Requirements: Python 3.8+

---

## ⚡ Quick Start

```python
from datawhisperer import DataFrameChatbot
import pandas as pd

# Load your dataset
data = pd.read_csv("sales_data.csv")

# Describe the columns
schema = {
    "region": "Sales region (e.g., North, South, East, West)",
    "sales": "Amount of revenue generated",
    "date": "Date of the sale"
}

# Create the chatbot
bot = DataFrameChatbot(
    api_key="your-api-key",
    model="gpt-4",  # or "gemini-1.5-flash"
    dataframe=data,
    schema=schema,
    max_retries=3  # Number of auto-repair attempts if execution fails
)

# Ask a question
response = bot.ask_and_run("Show a bar chart of total sales per region")

# Display result
print(response.text)
response.table  # Or: response.chart
```

---

## 🧠 What kind of questions can I ask?

* "Which region had the highest revenue in Q2?"
* "Show average sales by month."
* "Plot a heatmap of transactions by region and month."
* "How many sales were made after July 15th?"
* "Which regions had declining revenue trends over time?"

> DataWhisperer will generate optimized and runnable Python code — and automatically fix it if it fails.

---

## ✅ Example Output

### 🔍 Input (user question):

> "What are the top 3 regions by total sales?"

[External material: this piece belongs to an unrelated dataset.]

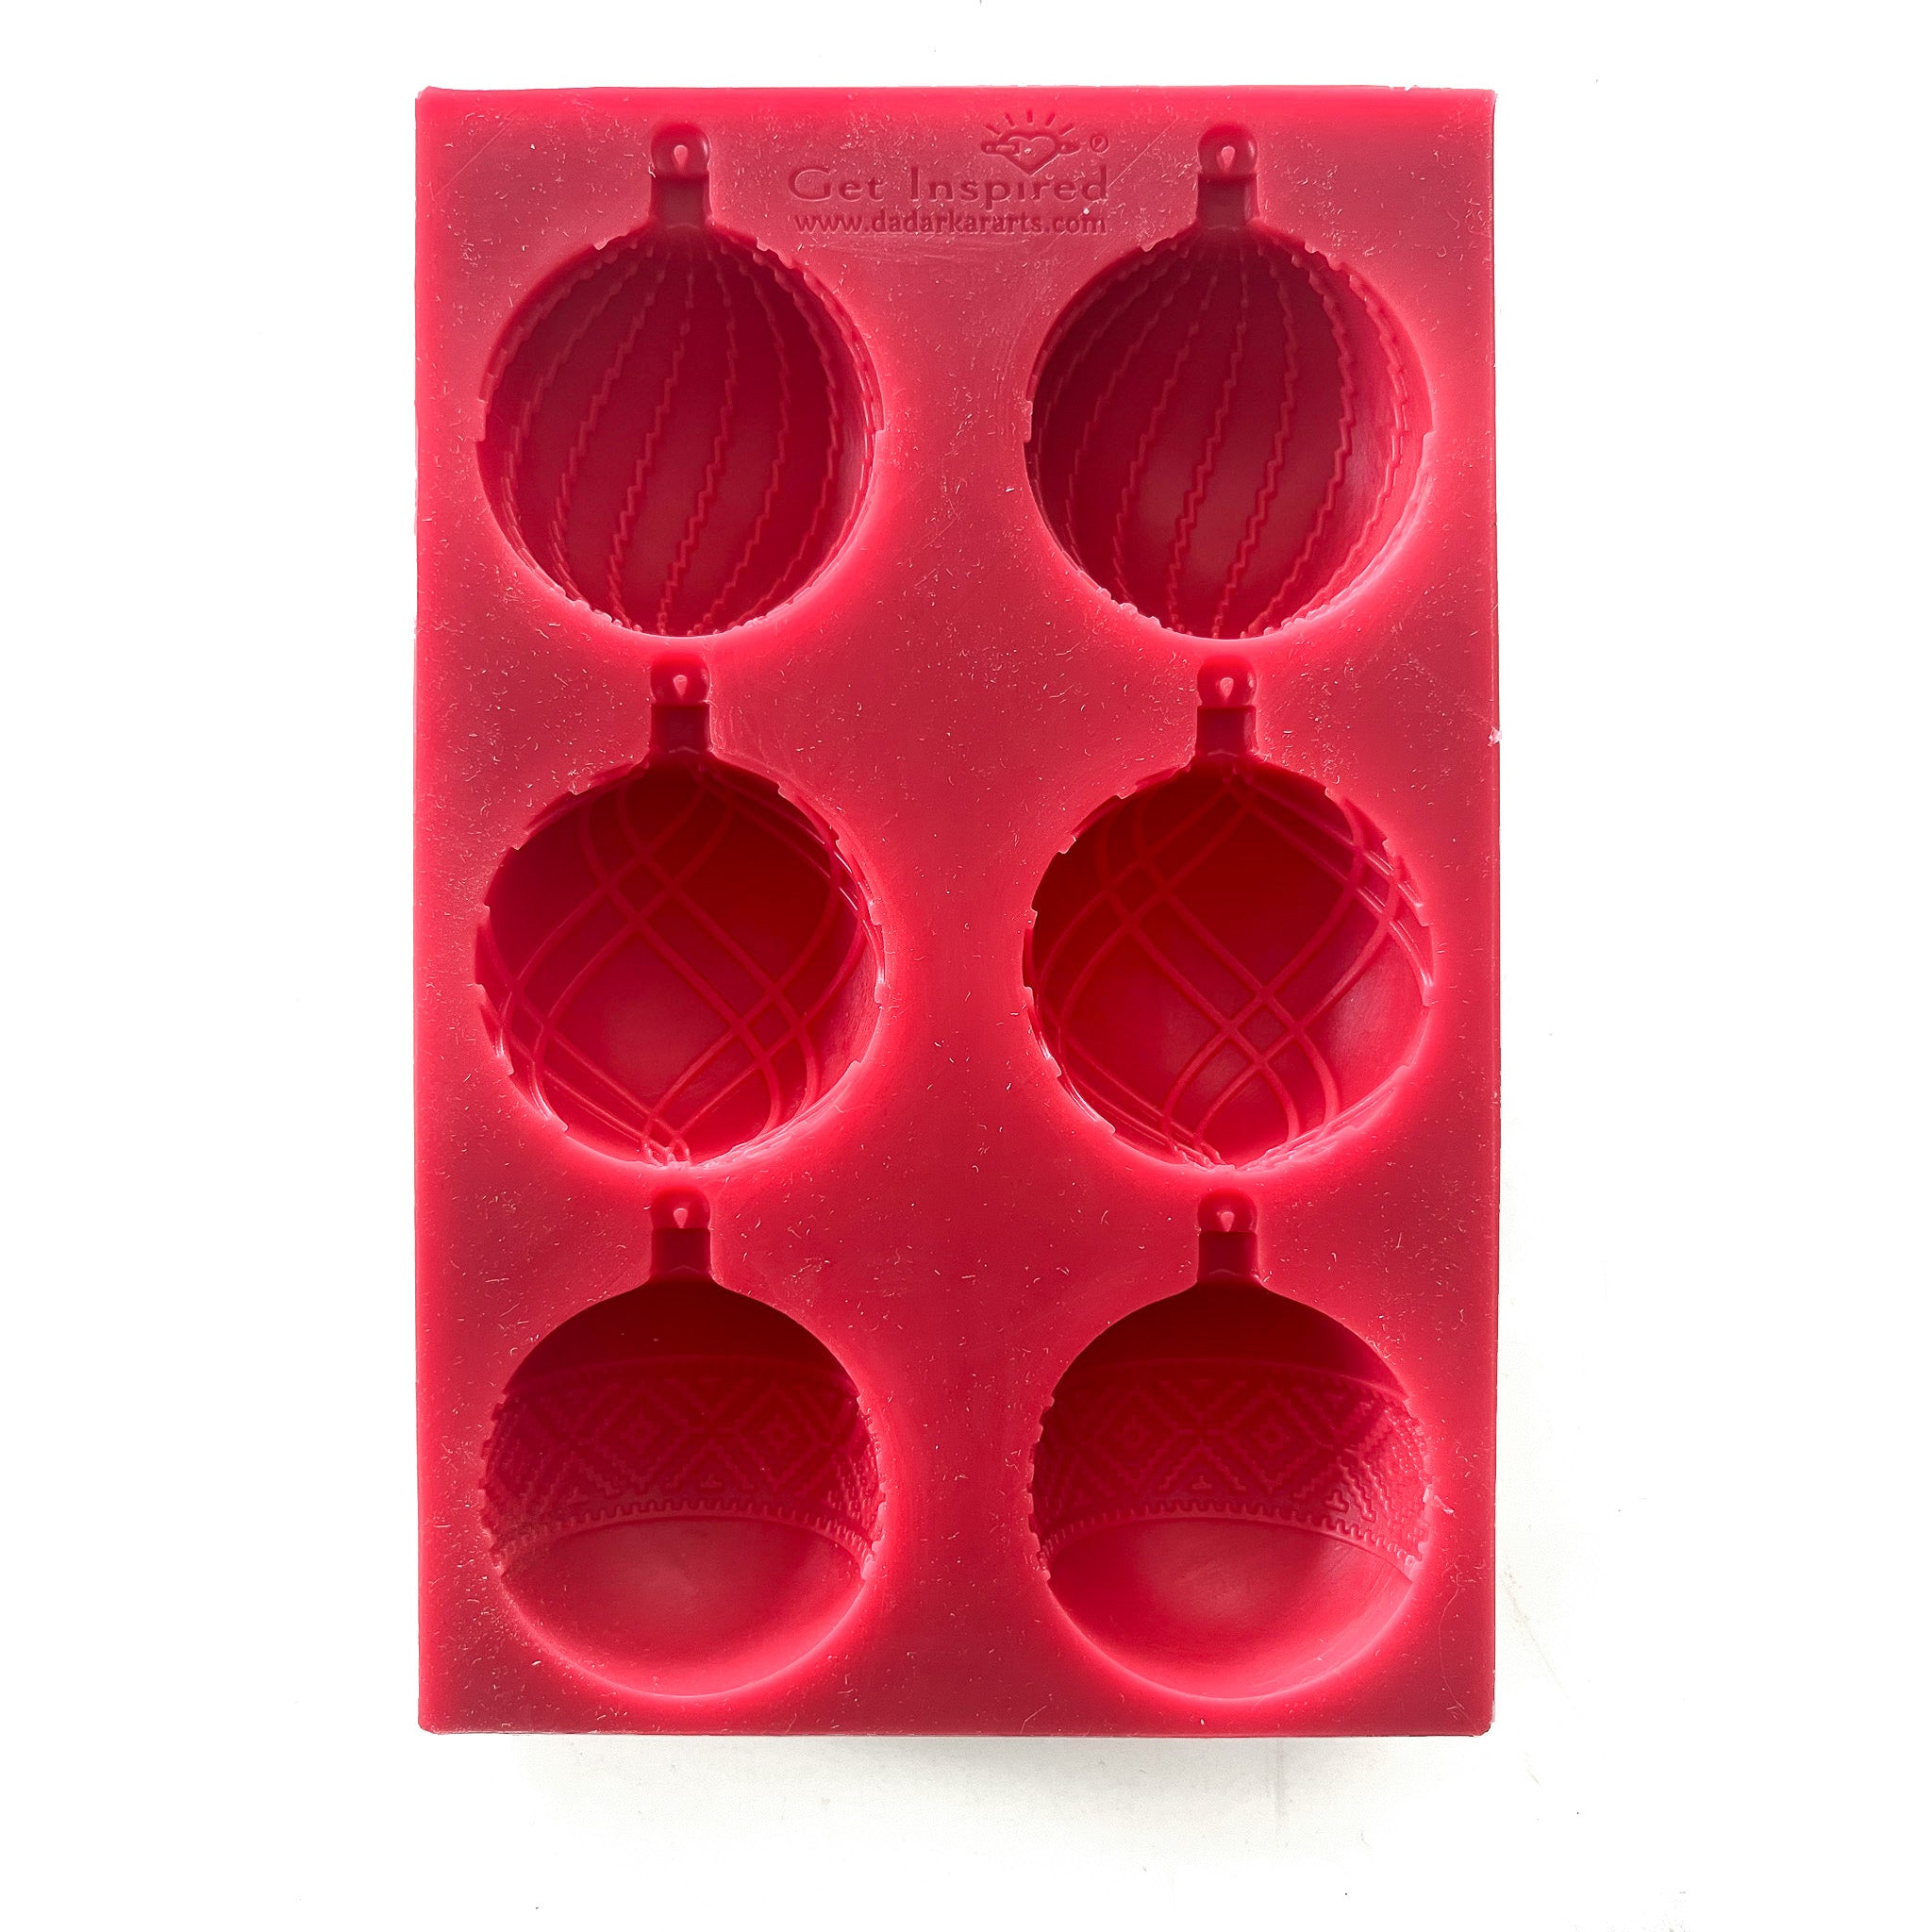 A red silicone mould of Get Inspired by Dadarkar Art's Christmas Ornaments is against a white background.

### 🧪 Output (Python code):

```python
import pandas as pd
import plotly.express as px

# Group and sort data
top_regions = df.groupby("region")["sales"].sum().sort_values(ascending=False).head(3).reset_index()
print("Top 3 regions by total sales:")

# Display table
top_regions
```

### 📋 Output (text + table):

```
Top 3 regions by total sales:
```

| region | sales     |
| ------ | --------- |
| North  | 102,400.0 |
| East   | 98,900.0  |
| South  | 87,120.0  |

---

## 🧪 Testing the Library

```bash
pytest
pytest --cov=datawhisperer --cov-report=term-missing
```

### Coverage Includes:

* Code generation & formatting (`PromptFactory`)
* Code execution & error repair (`executor.py`)
* Retry logic & self-healing (`fixer.py`)
* Chat interface orchestration (`DataFrameChatbot`)

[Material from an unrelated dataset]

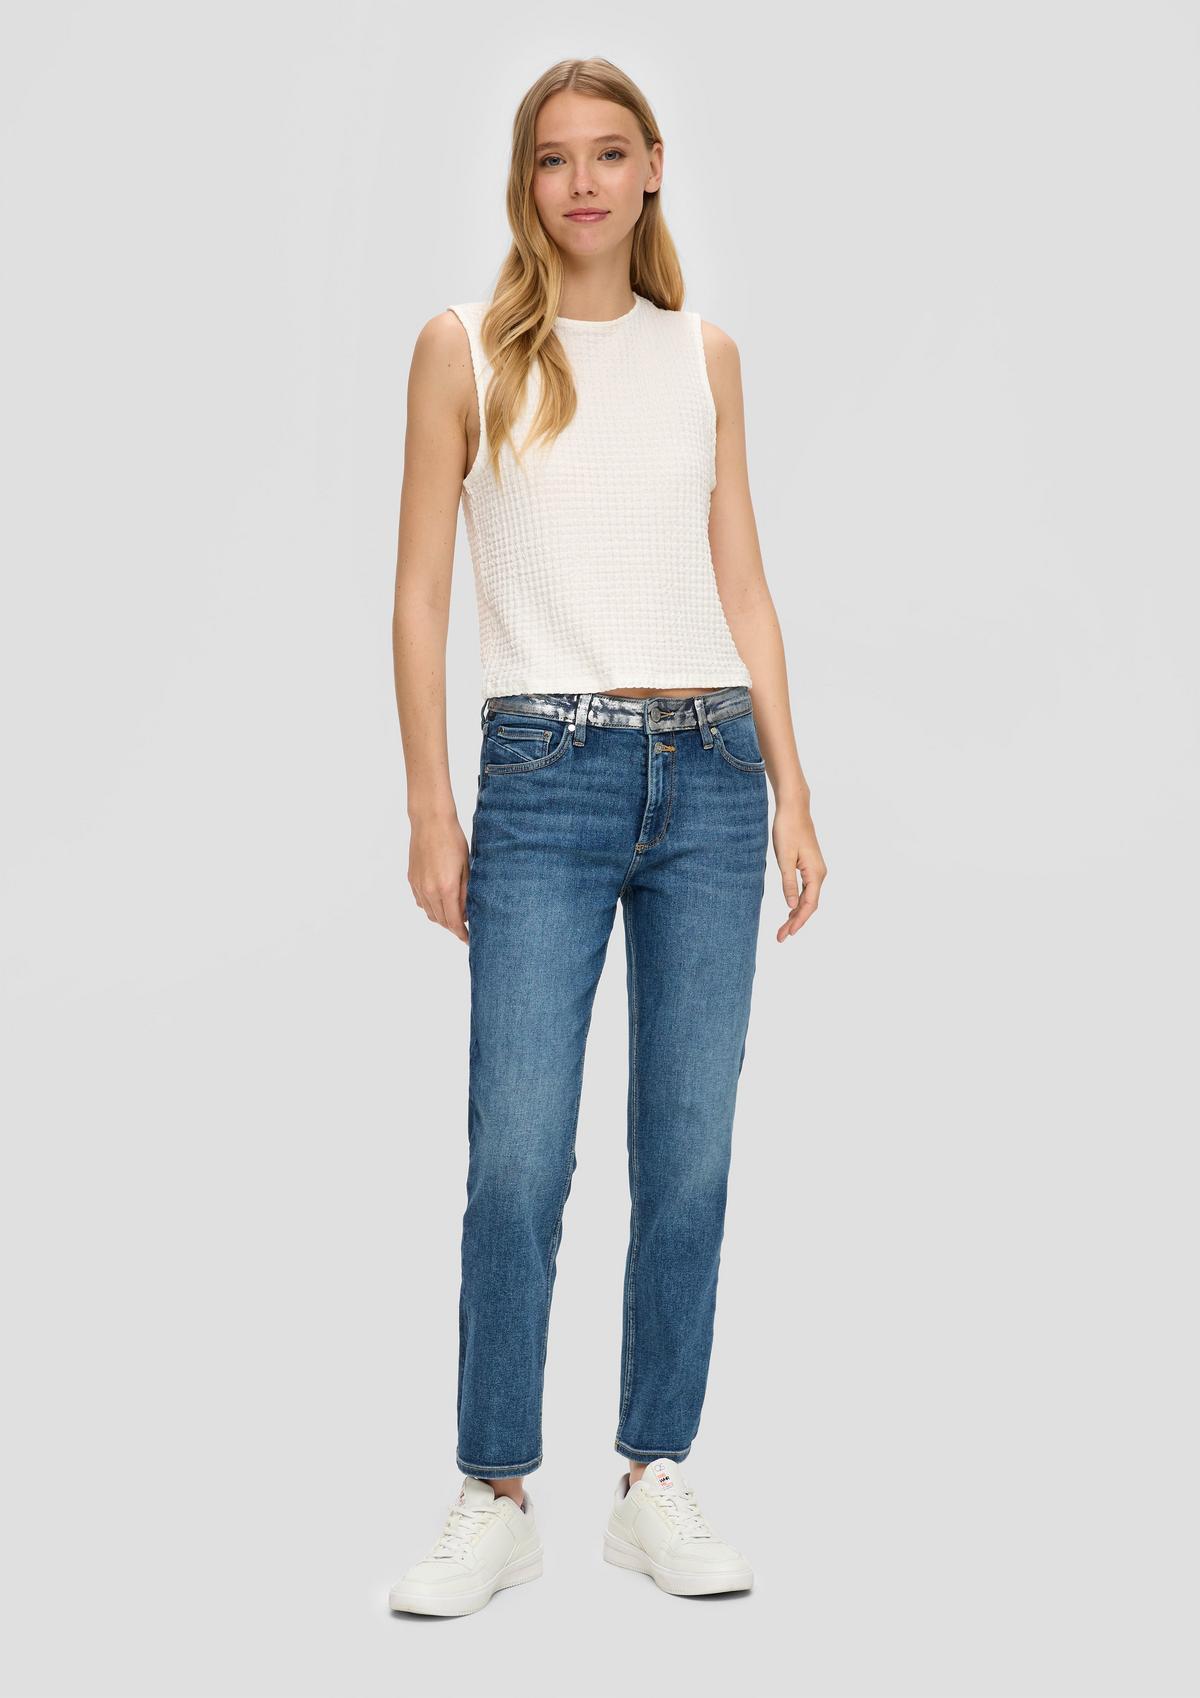 s.Oliver Catie jeans / high rise / straight leg / foil print

> Note: Tests use fake LLM clients to avoid real API calls.

---

## 📌 Version

**Current release:** `v0.1.4`

See the [CHANGELOG.md](./CHANGELOG.md) for updates.

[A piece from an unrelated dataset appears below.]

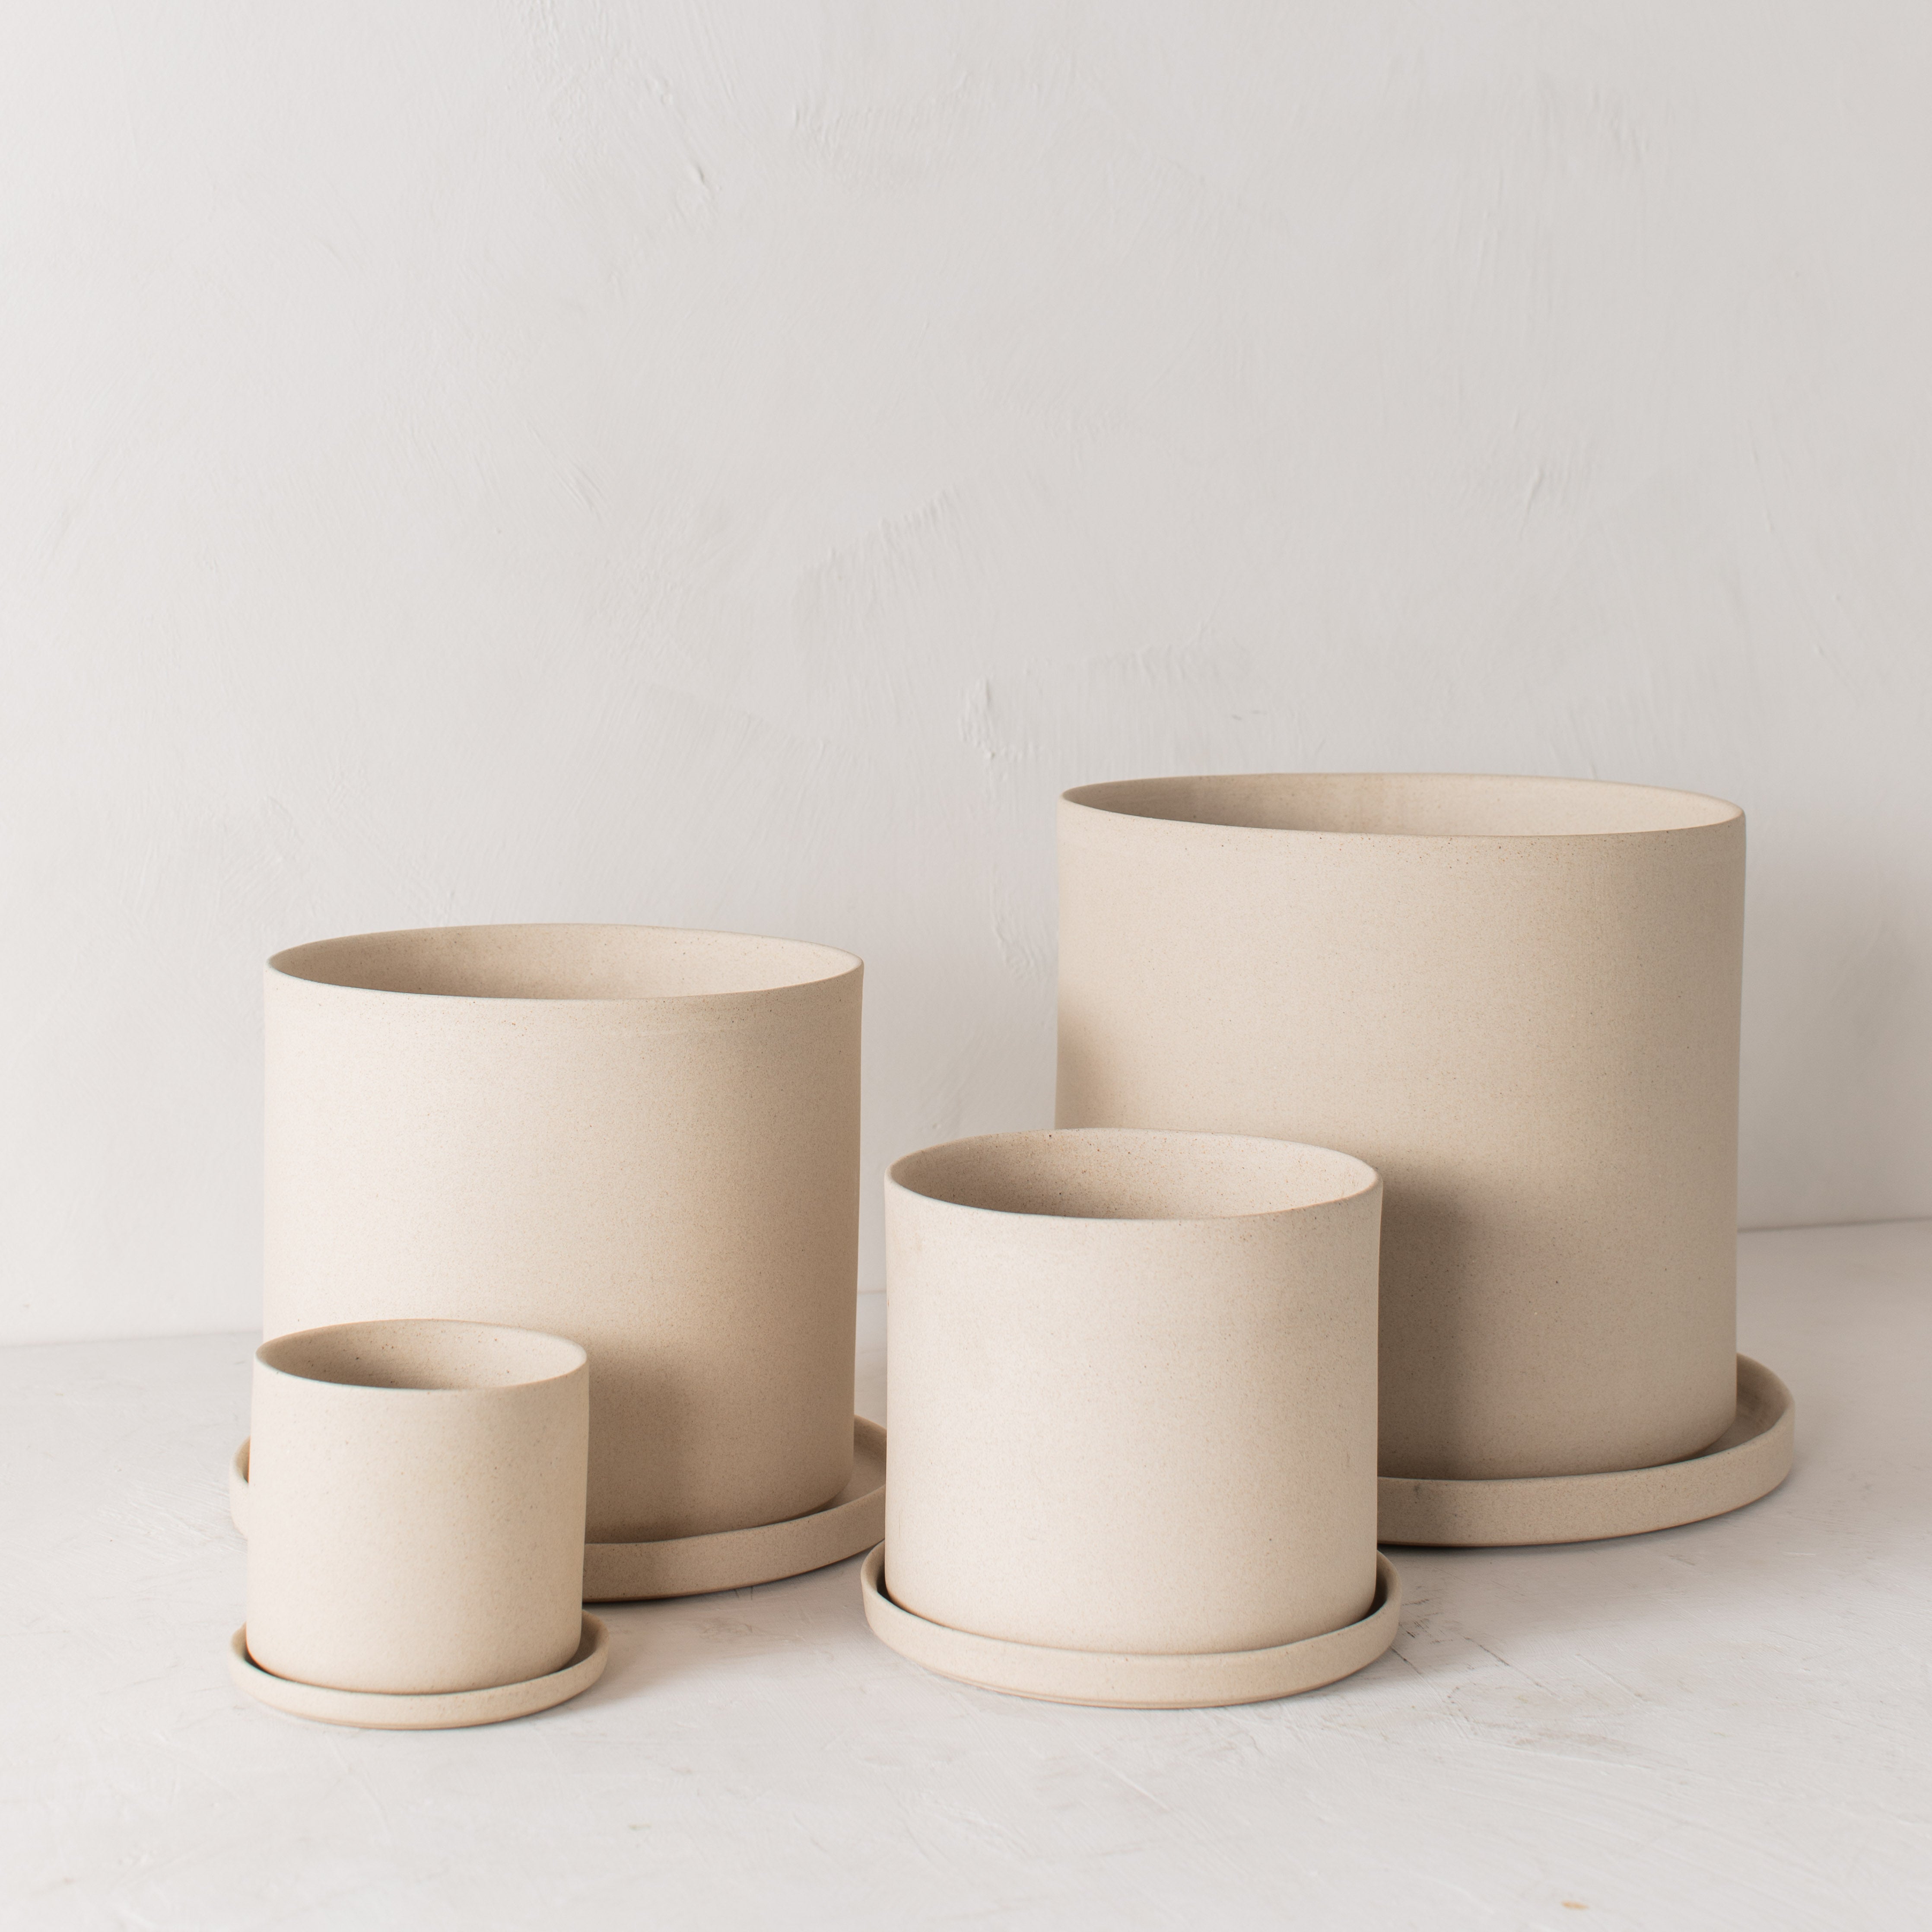 Four stoneware ceramic planters with bottom drainage dishes, 4, 6, 8, and 10 inches. Staged on a white plaster textured tabletop against a plaster textured white wall. Large ta. Designed and sold by Convivial Production, Kansas City Ceramics.

Upcoming versions will include:

* SQL + Python-SQL modes
* Multiple LLM client support
* DuckDB, SQLite, Postgres connectors
* CLI + Streamlit interface
* Plugin hooks

---

## 📖 Documentation

Full documentation will be hosted via **MkDocs** in future release `v1.0.0`.

* Quickstart & API Reference
* Examples & Recipes
* Plugin Development Guide

---

## 📄 License

Apache License 2.0 — use it freely, contribute professionally.
© 2024 JosueARz

---

## 🤝 Contributing

Pull requests are welcome. Please ensure your changes are:

* Type hinted and PEP8-compliant
* Tested with pytest
* Explained clearly in PR descriptions

---

## 🧙 Why "Whisperer"?

Because it doesn’t just chat — it understands your data.